START Data segment

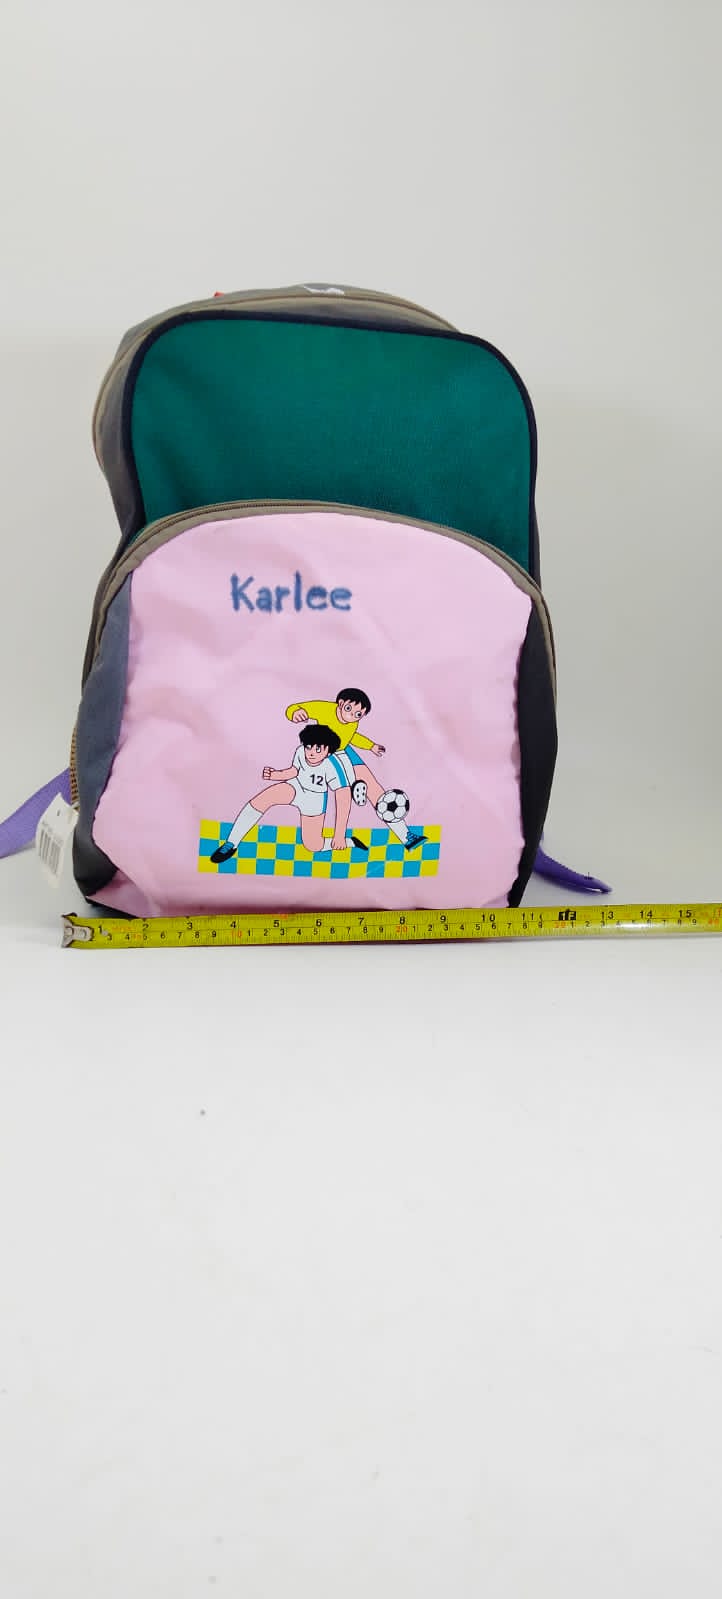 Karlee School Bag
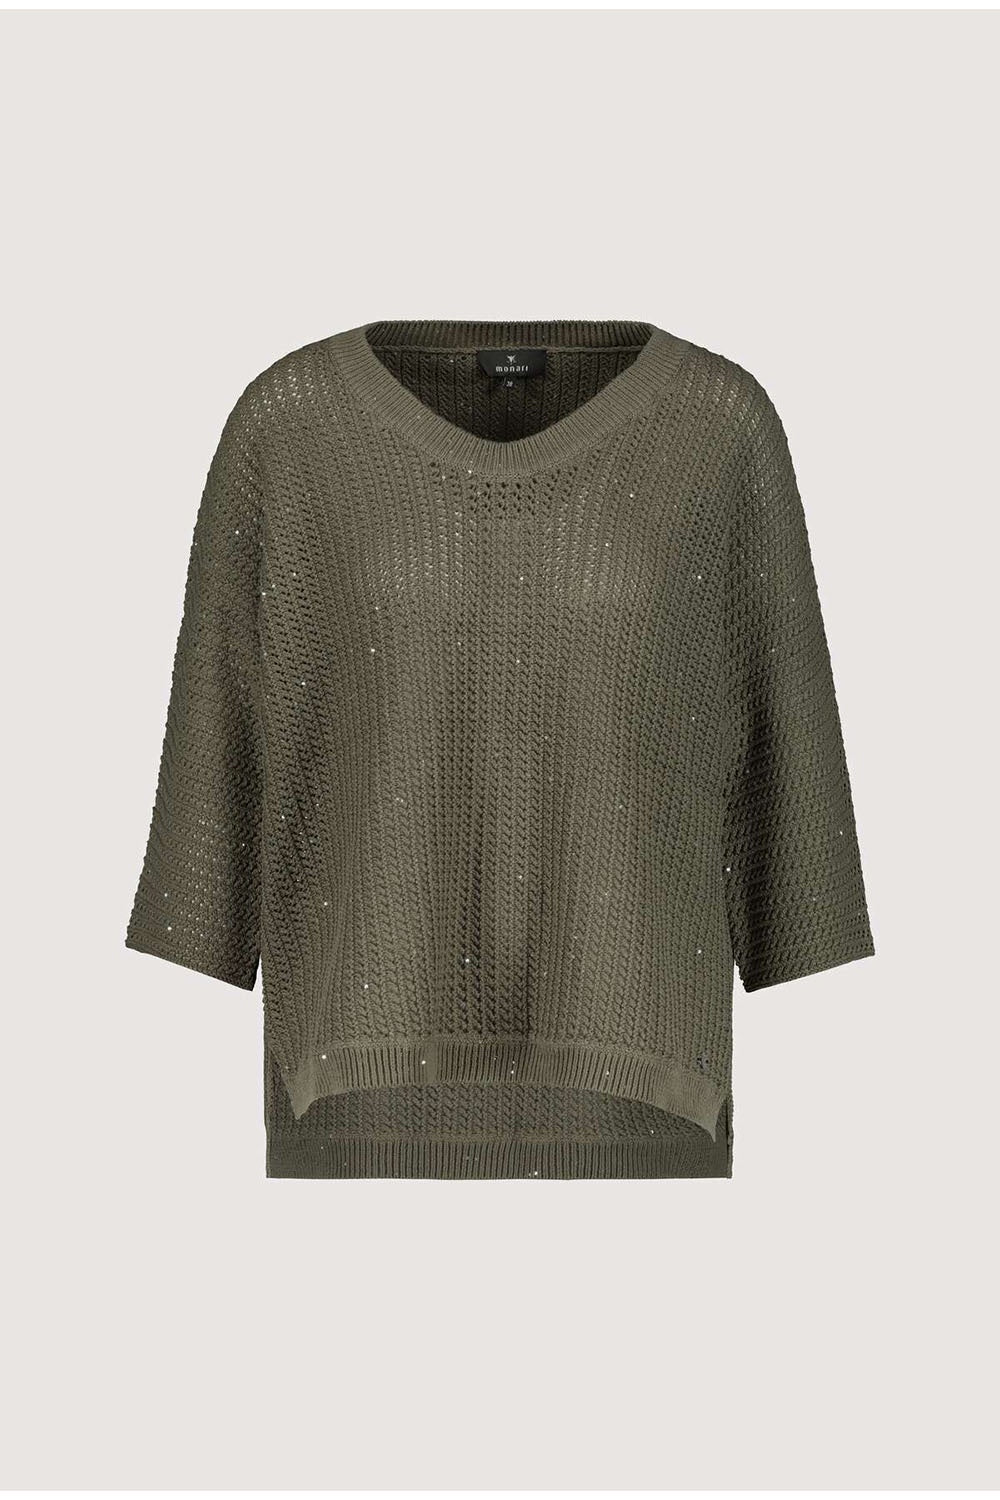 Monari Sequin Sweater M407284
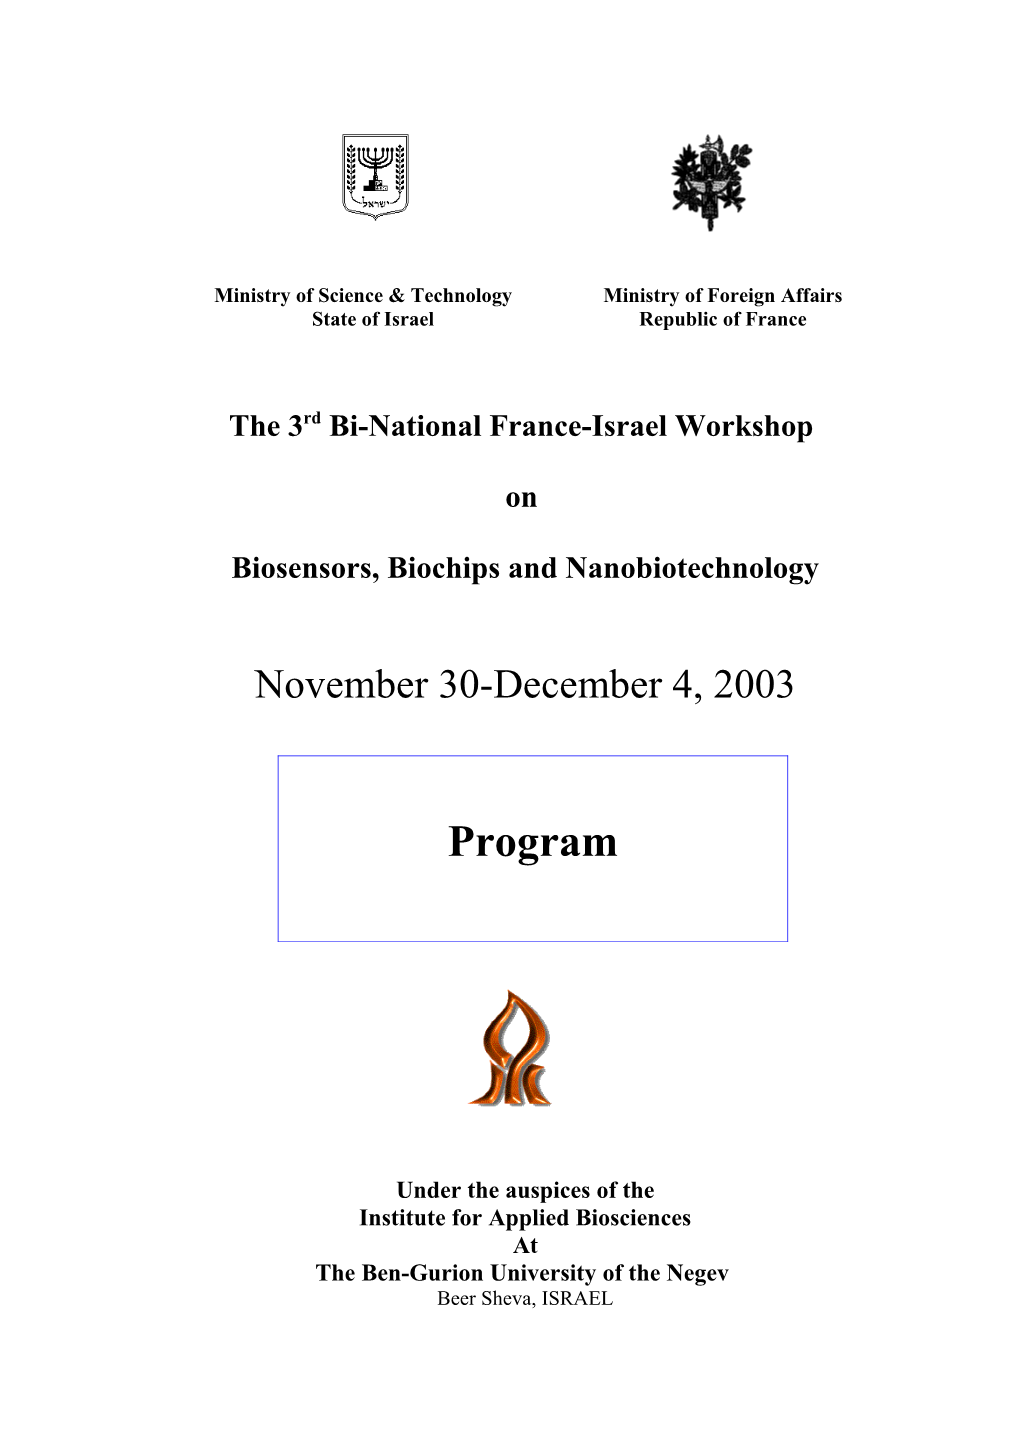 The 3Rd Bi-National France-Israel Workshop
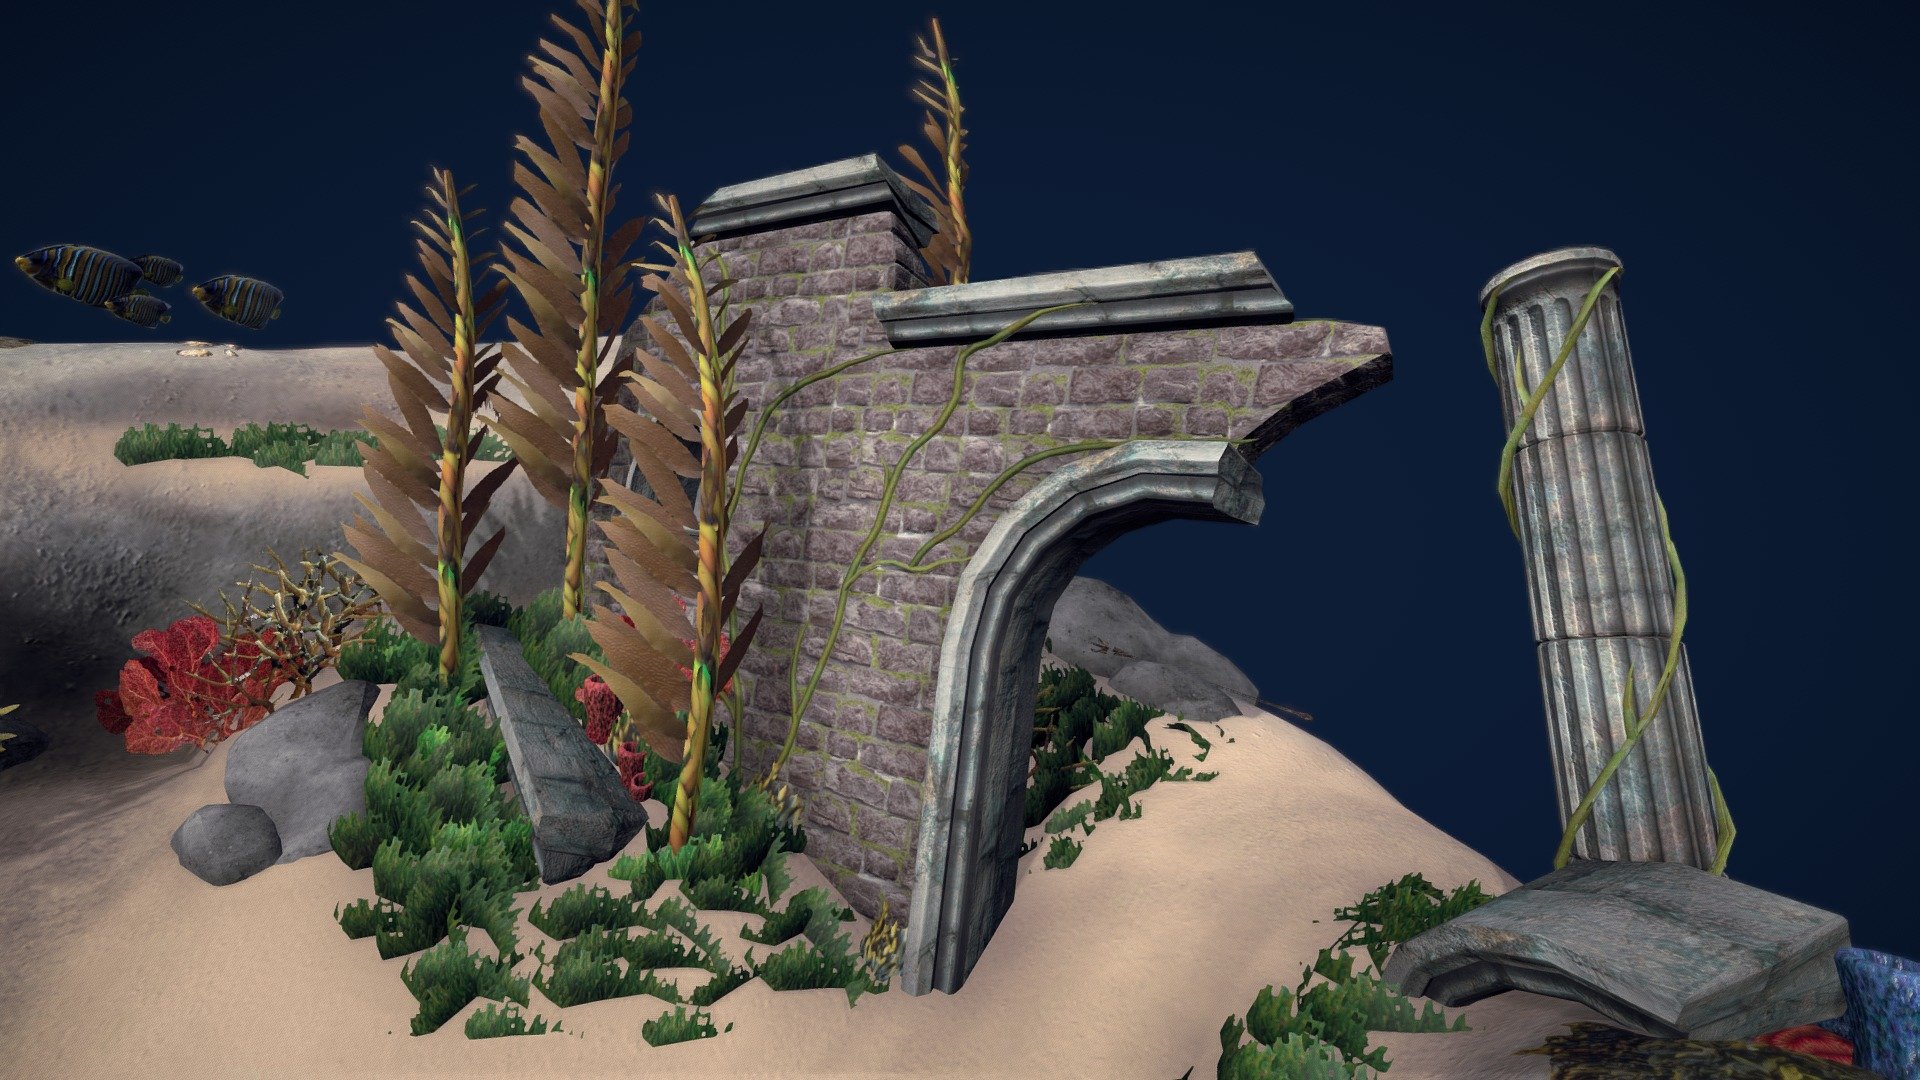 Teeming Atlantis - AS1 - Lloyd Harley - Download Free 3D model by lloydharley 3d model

END Data segment

> _Requirement_
Word for word, restate the lines from the one containing "The 3Rd Bi-National France-Israel Workshop" through the end of the listing, and nothing more. Skip the pictures.

> _Task solution_
 The 3Rd Bi-National France-Israel Workshop
 Teeming Atlantis - AS1 - Lloyd Harley - Download Free 3D model by lloydharley 3d model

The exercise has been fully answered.